Semi-related: my father has complications from a motorcycle accident ~25y ago that crushed arteries in his leg coupled with diabetes (insulin / kept sugar at ~100 and his A1C was kept under 6.7 for ~15y). 6w ago had to have his toes removed due to dry gangrene; they eventually (2.5w ago) had to remove his leg below the knee because of the severe blood flow issues below the knee.
Between the toes and the below the knee amputation, there were no less than 15 different doctors and PAs / related personnel who COULD NOT COME TO A CONSENSUS. They would just tell my mother and I (PoA) the details; they refused to come up with a singular plan of action moving forward, leaving it up to us to make 'an informed decision,' something that's IMPOSSIBLE when you have to take up to 15 different opinions into consideration.
What exactly are we supposed to do as patients/family members when medical personnel cannot give reasonable paths forward and instead just throw a bunch of shit over the fence at you and tell you, "you decide what to do from here," regardless of how many VERY DIRECT conversations I had w/the 'care team' on doing better to provide a limited array of options and reasons/likelihood of 'positive outcomes'.
I'm used to dealing with a wide variety of stakeholders/SMEs in decision-making; it's my job to apply my extensive industry experience to present our clients with their options, ranked and reasoned. Doctors, in my experience and most recently with my father, clearly do NOT do that (I assume due to liability; but, no real idea, honestly). So; when dealing with LIFE CHANGING circumstances, what are we supposed to do except rely on what might be able to offer more analysis and option narrowing w/AI?
I certainly don't want to make the job of medical staff more difficult by putting out crazy theories I found on the interwebbernets through my own research, etc; but, when we're having to deal with uncertainty and insanity, what else can we do?
This lines up with my experience with my mother, though it played out differently.

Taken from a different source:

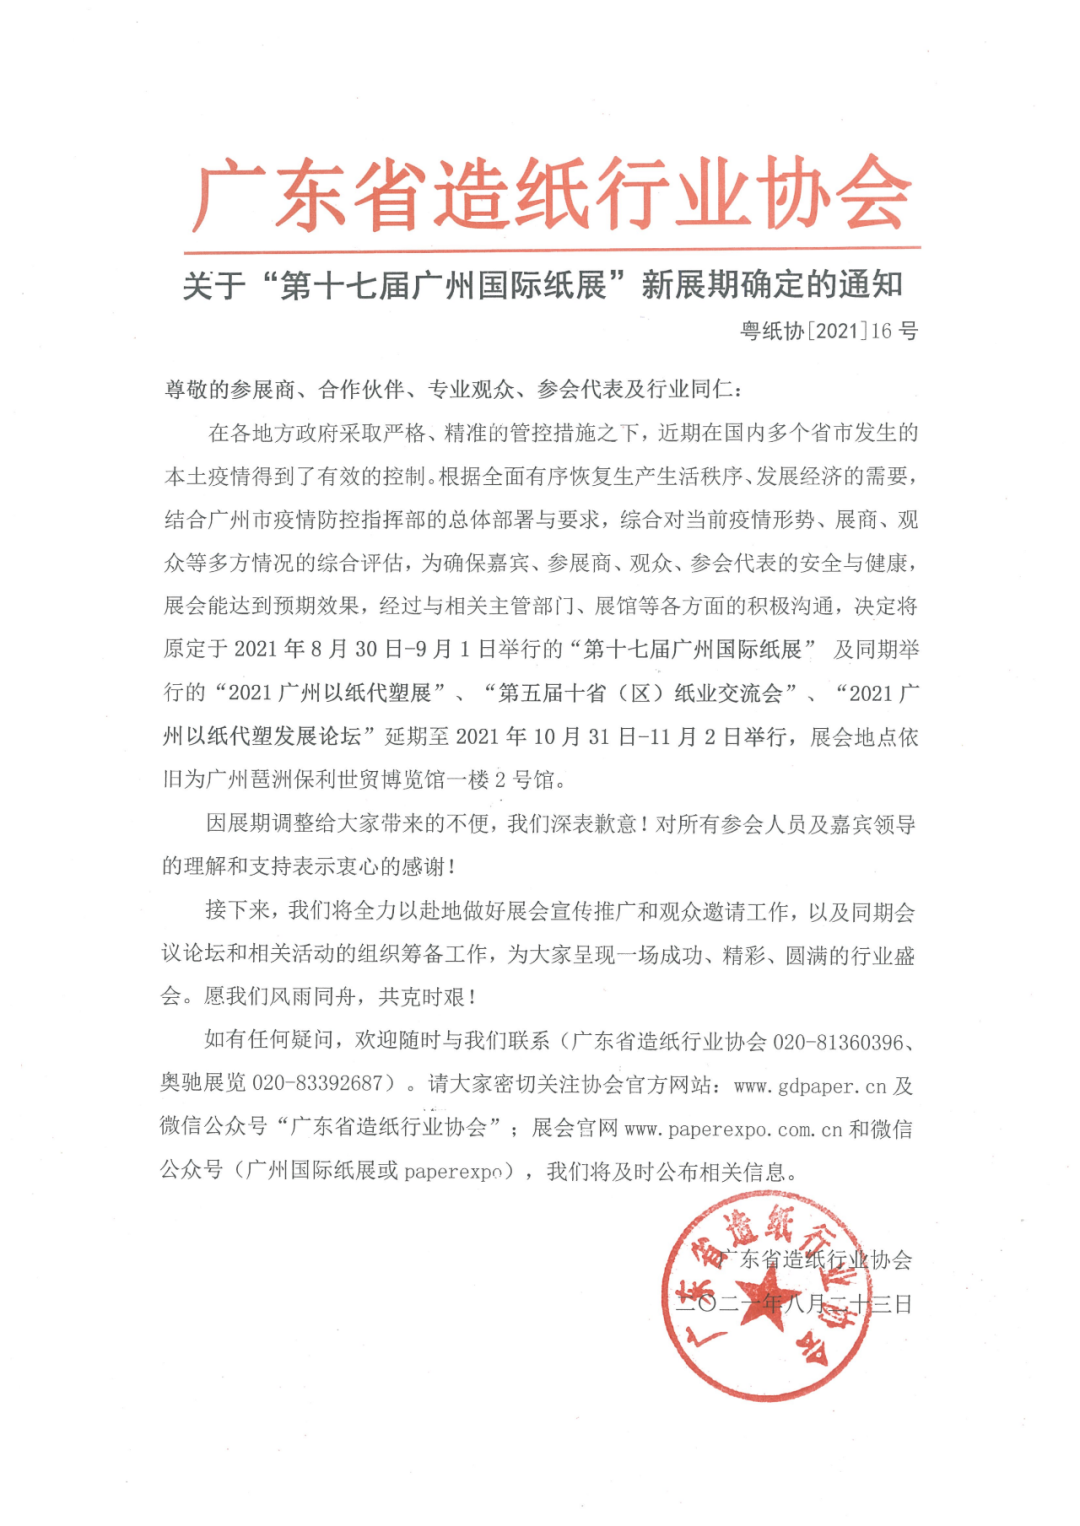 2021第17届广州国际纸展将于10月31日-11月2日举行

In her case, she would switch doctors every ~5-10 years and each time they'd basically say everything the previous doctor said was wrong. First it was "you have Lupus", second it was "actually it's some other autoimmune disease", then it was "actually whatever you had has been in remission for some time now and you've been taking brain-numming medicine for no reason." Then it was "you have cancer", "it's a rare one", and "oh turns out the brain-numming meds have a correlation with rare cancers". The cancer part was handled well (albeit unsuccessful) though. After such a bad time with rheumatologists, I was shocked by how competent people were when it came to cancer.
All of the above was intertwined with brief stints with doctors that would just berate her for being a painkiller junkie, even though she hated the stuff and just wanted to find/fix the problem.
Kind of a rant, really. I'm not sure how to tie it back into AI. I do wish we had AI at the time so that we could at least cross-check, but I also understand that doctors are already sick of patients self-diagnosing on the web and that AI probably just makes that worse. At the same time, if our medical system could catch up a bit (more doctors? less corruption/paperwork? not sure what it needs) then maybe people would be less inclined to take matters into their own hands.
I'm sorry to hear that. The accusations of drug seeking are particularly galling.
AI is absolutely a god send for patients navigating the medical system.
I know the US system is horrible and I sympathize with doctors doing their best within it. But we must admit, they are also responsible for the countless stories just like yours, and have contributed to the public's deteriorating trust of medical institutions. It's not just the insurance companies and conglomerate CEOs.
Probably liability... on the amputations I indicated and contraindicated, it's increasingly difficult to navigate trough patient perceptions while not disclosing so much as to give them rope to hang us. Some decisions are a game of probability that often we don't have clear numbers. In trauma, I have both cases where I recommended an amputation and at last minute decided to see that happened and the patient is walking with their leg today; and cases where I didn't recommend and later had to amputate as the lesion evolved. With cancer it's more straightforward, the cancer is what dictates the surgery... some cancers have poor response to other treatments, so we amputate. Some cancers had invaded the neurovascular bundle, so curative options involve necessarily amputation to get good margins. In cancer there's less doubt in the prognosis, so less chance of legal ramifications.